The “Dynamic Groups rule validation” feature lets IT pros validate the rules that are set for the inclusion of users in Dynamic Groups. The Dynamic Groups capability has been around for over five years, but Microsoft is now previewing the ability of IT pros to validate these rules by “checking if specific users will be members of a dynamic group or not.”
Microsoft also has an “administrative units” preview that lets IT pros “logically group users and devices and then delegate administration of those users and devices.” Microsoft defines an administrative unit as “an Azure AD resource that can be a container for other Azure AD resources.”

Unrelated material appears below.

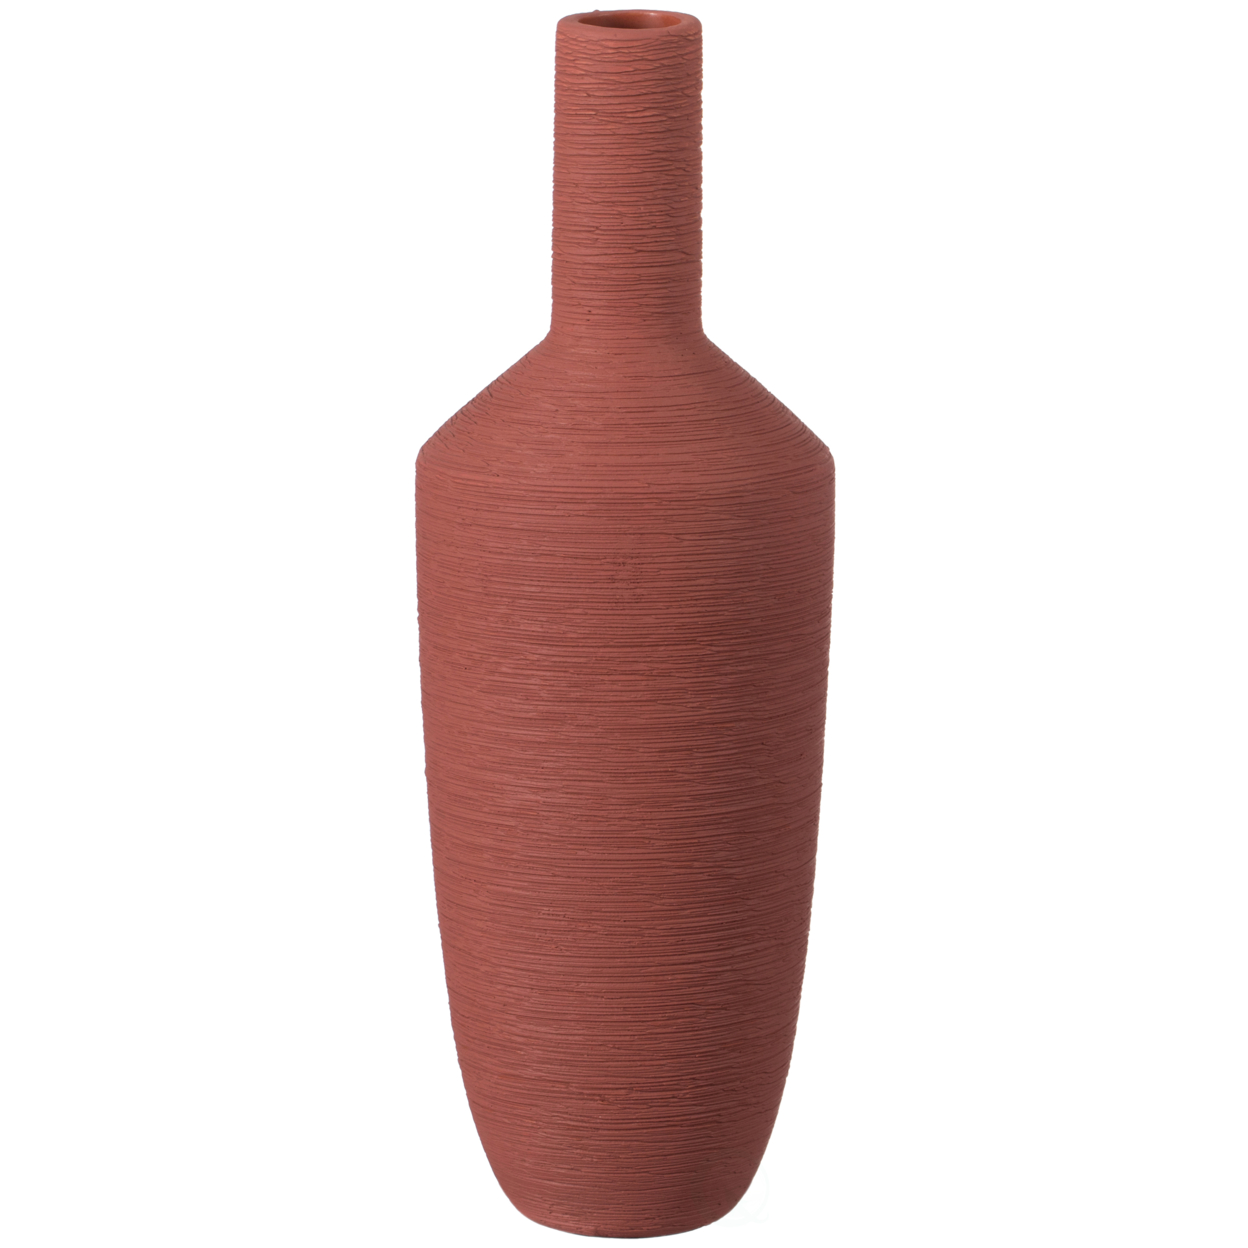 Decorative Ceramic Vase, Modern Style Centerpiece Table Vase - Red
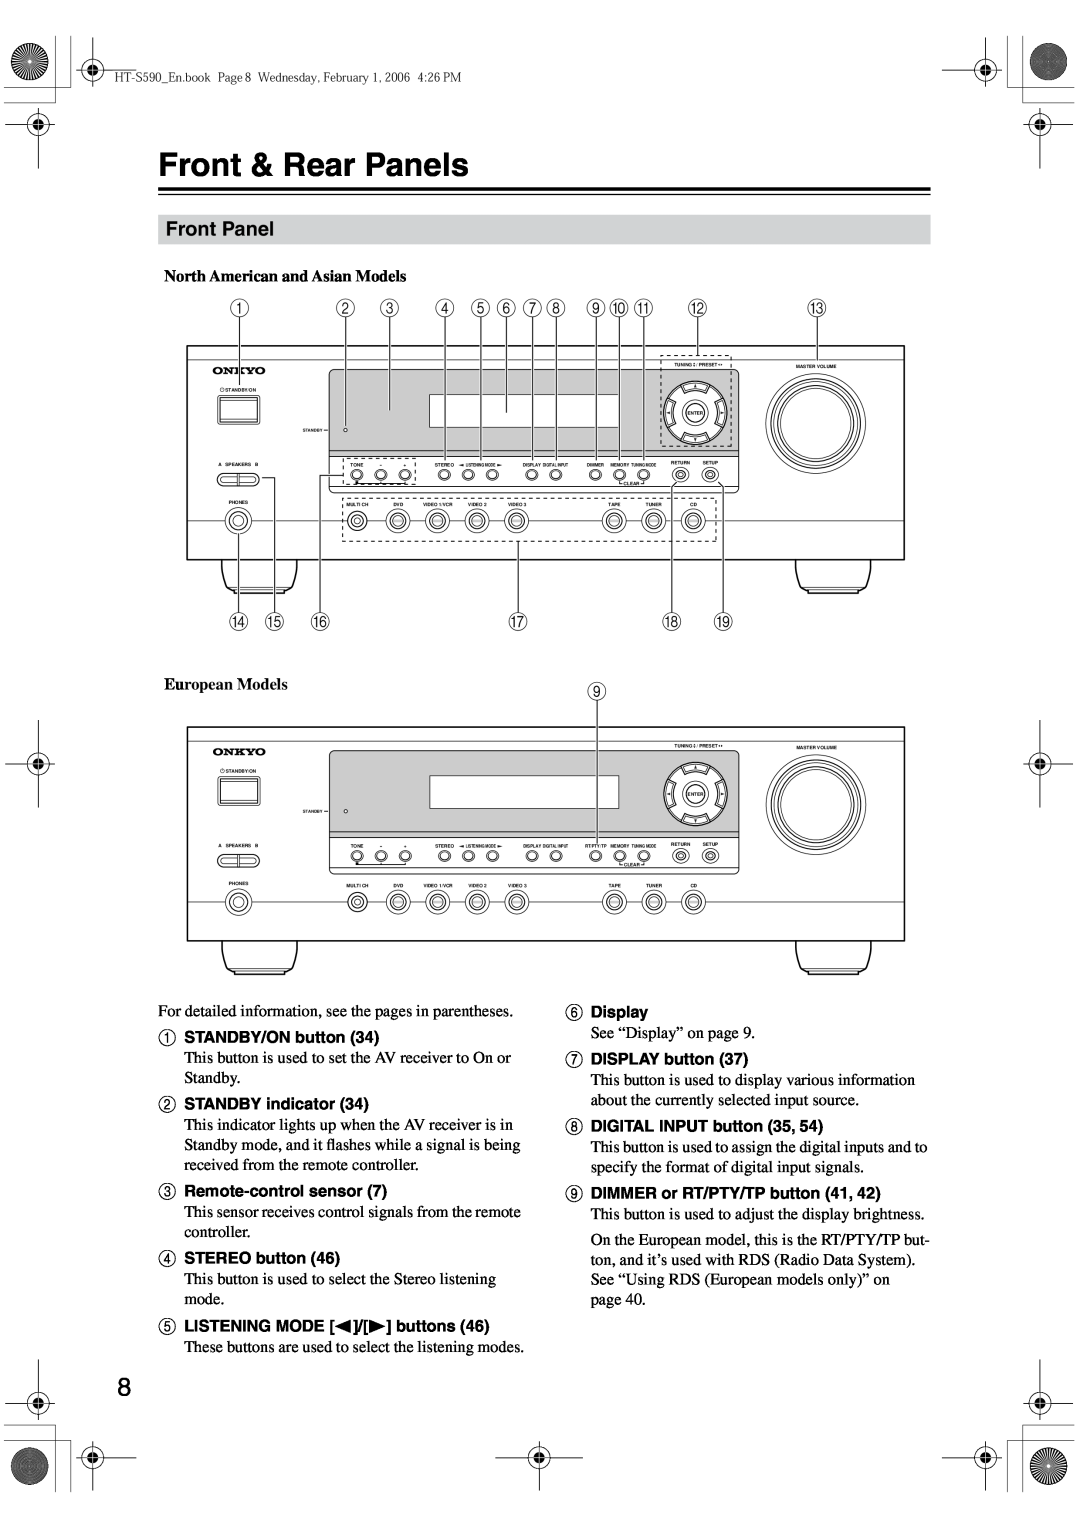 Onkyo SKC-340C, SKF-340F, SKM-340S, SKW-340 instruction manual Front & Rear Panels, Front Panel, 4 5 6 78 9JK, N O P

Administrative units are conceived as being useful for delegating tasks when organizations have “multiple independent departments” overseen by different administrators, as might be the case in a large university having multiple schools. A “Business School” administrative unit might be created, for instance.
Azure AD B2B and B2C Additions
Microsoft also described a few improvements for tenancies using its Azure AD Business to Business (B2B) and Azure AD Business to Consumer (B2C) services.
Microsoft has “redesigned B2B collaboration invitation emails” used to establish resource sharing with external business partners. The newly designed invitation, now generally available, “provides external users with more clarity to help make an informed decision for accepting the invitation,” the announcement indicated.
Azure AD B2B tenancies also now have access to a preview that will let them “invite internal users to B2B collaboration.” This preview is designed for organizations that collaborated with external users but didn’t treat them as guest users. IT pros can use this feature to switch them to guest users and still “retain their user ID, user principal name, group memberships as well as app assignments,” the announcement explained.
Lastly, Azure AD B2C tenancies now have “secure access to SAML-based applications,” a capability that has reached the general availability stage. It means that “all OIDC, OAUTH, and SAML-based identity providers such as Salesforce, Facebook, Google, and Active Directory Federation Services (ADFS) can be offered to your users,” Microsoft explained.
Azure AD for Zero Trust Security
If all of that info wasn’t enough Azure AD news, Microsoft outlined its vision and technologies that can be used to get to a so-called “zero trust” security state in this Thursday announcement.
“A Zero Trust strategy requires that we verify explicitly, use least privileged access principles, and assume breach,” explained Tarek Dawoud, a Microsoft principal program manager. “Azure Active Directory can act as the policy decision point to enforce your access policies based on insights on the user, device, target resource, and environment.”
The technologies needed for this zero trust solution involve Azure AD Premium P1 or P2 licensing at minimum, but top-tier Microsoft 365 E5 licensing sometimes got mentioned, as well.